Kirchner flinched as the message was cut off. "I should be down there," he said. "Right in the middle of the barbecue."

"How many OTVs did Station Sixteen get off?" Lanier asked.

"Besides OTV 45, five. Three are coming for us. Two for the Moon."

"Warn the three we are under attack and may not be able to receive them. Suggest they divert to the Moon."
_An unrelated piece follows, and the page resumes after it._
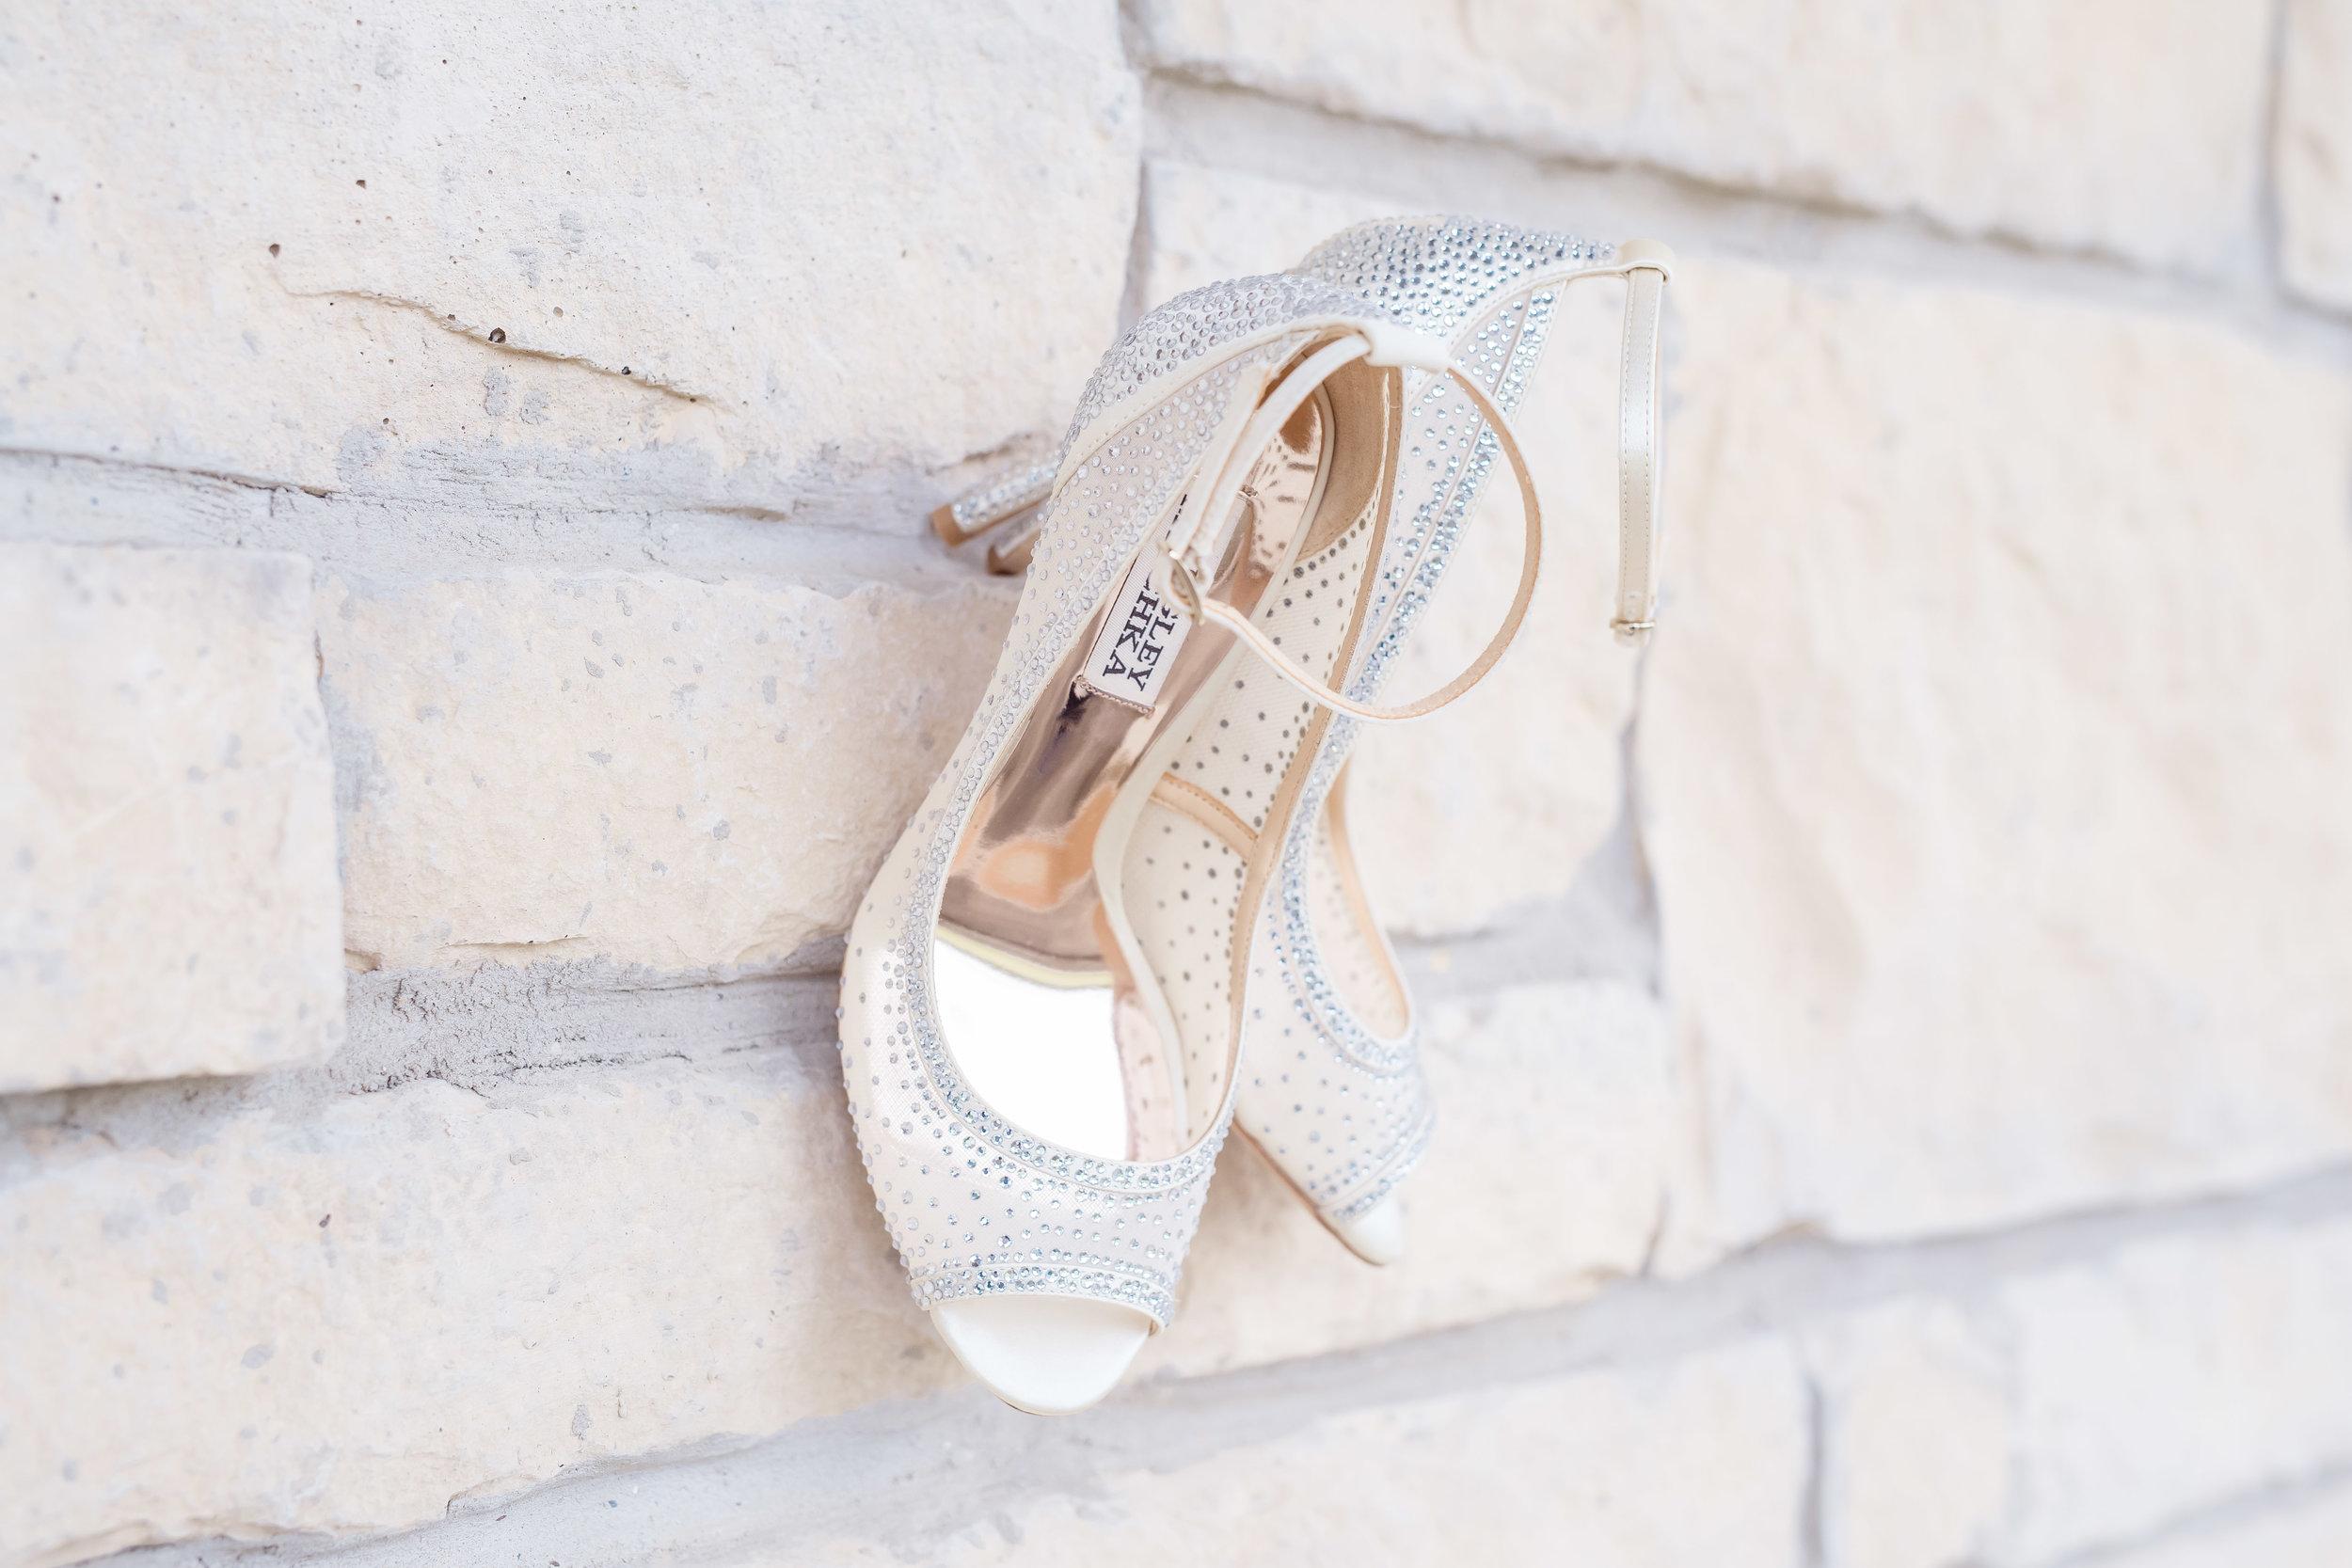 Wedding Shoes - Badgley Mischka - from Nordstrom.com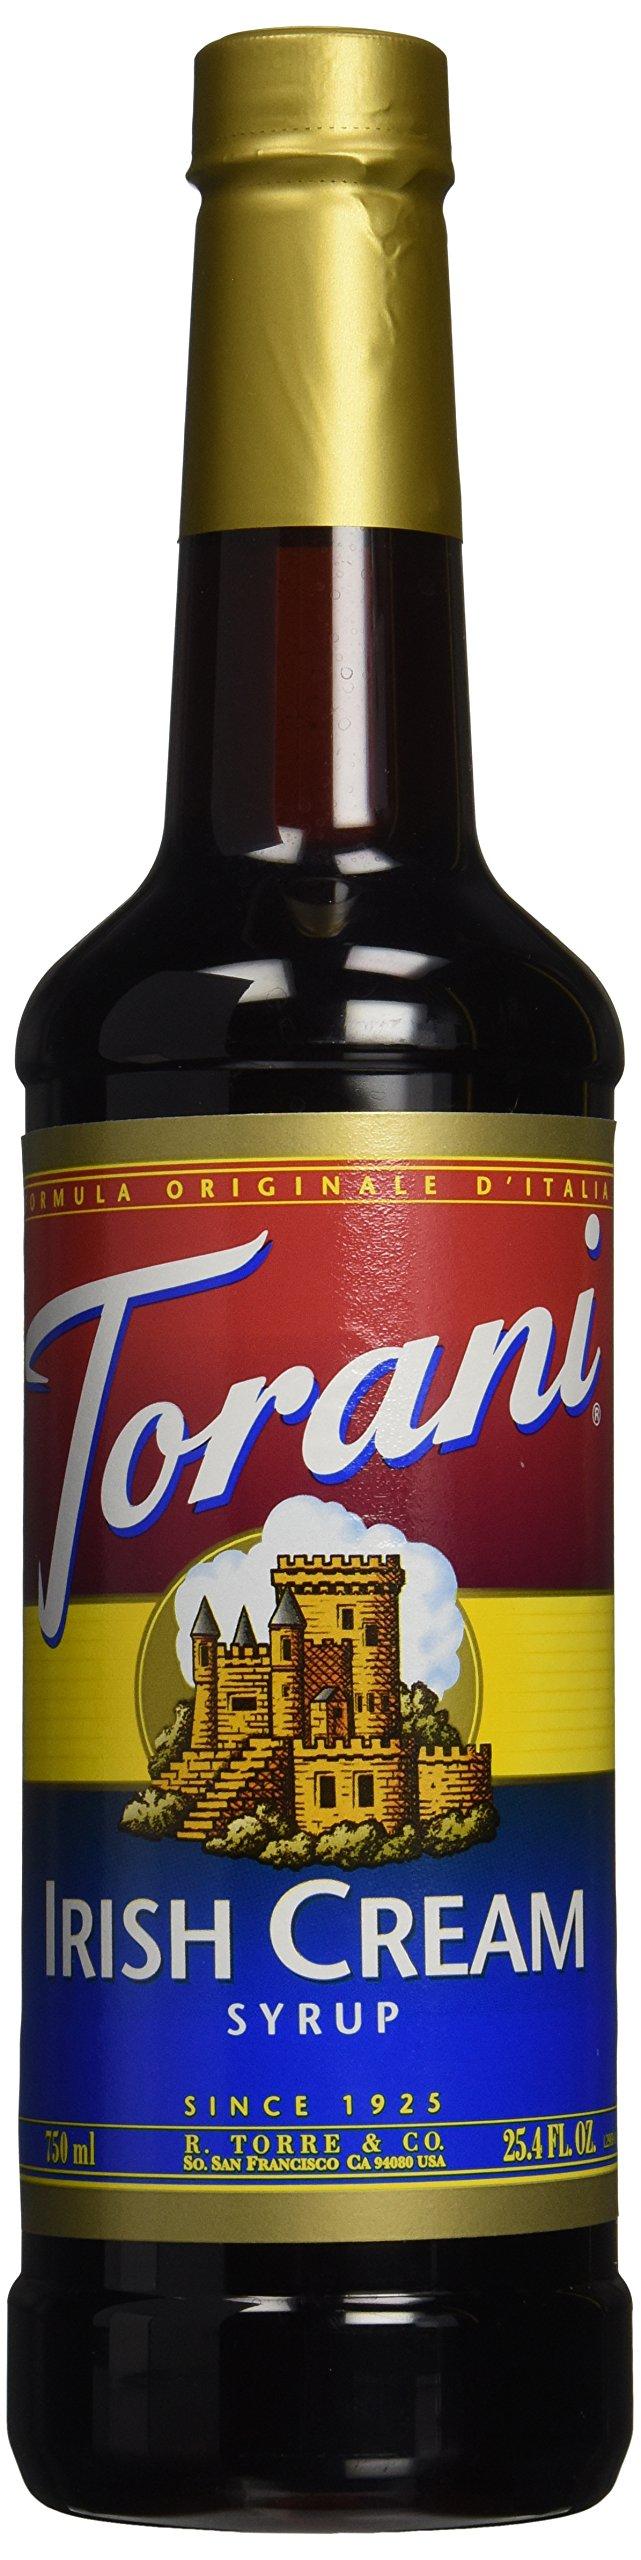 Torani Irish Cream Syrup, 25.4 Ounce

"If they can make it," Pickney said.

The evacuation of the low Earth orbit platforms and other stations had already begun. The war was expanding now; not just beam defense platforms, but research and industrial stations were becoming targets.

"Some diversion," Pickney said bitterly. "Looks like it's getting out of control."

"Of course it is," Gerhardt said on the comlink. "Only an idiot or somebody very desperate would have thought otherwise. Garry, you done all you can there. I'll need you in the first chamber in a few minutes. I'm on my way back now."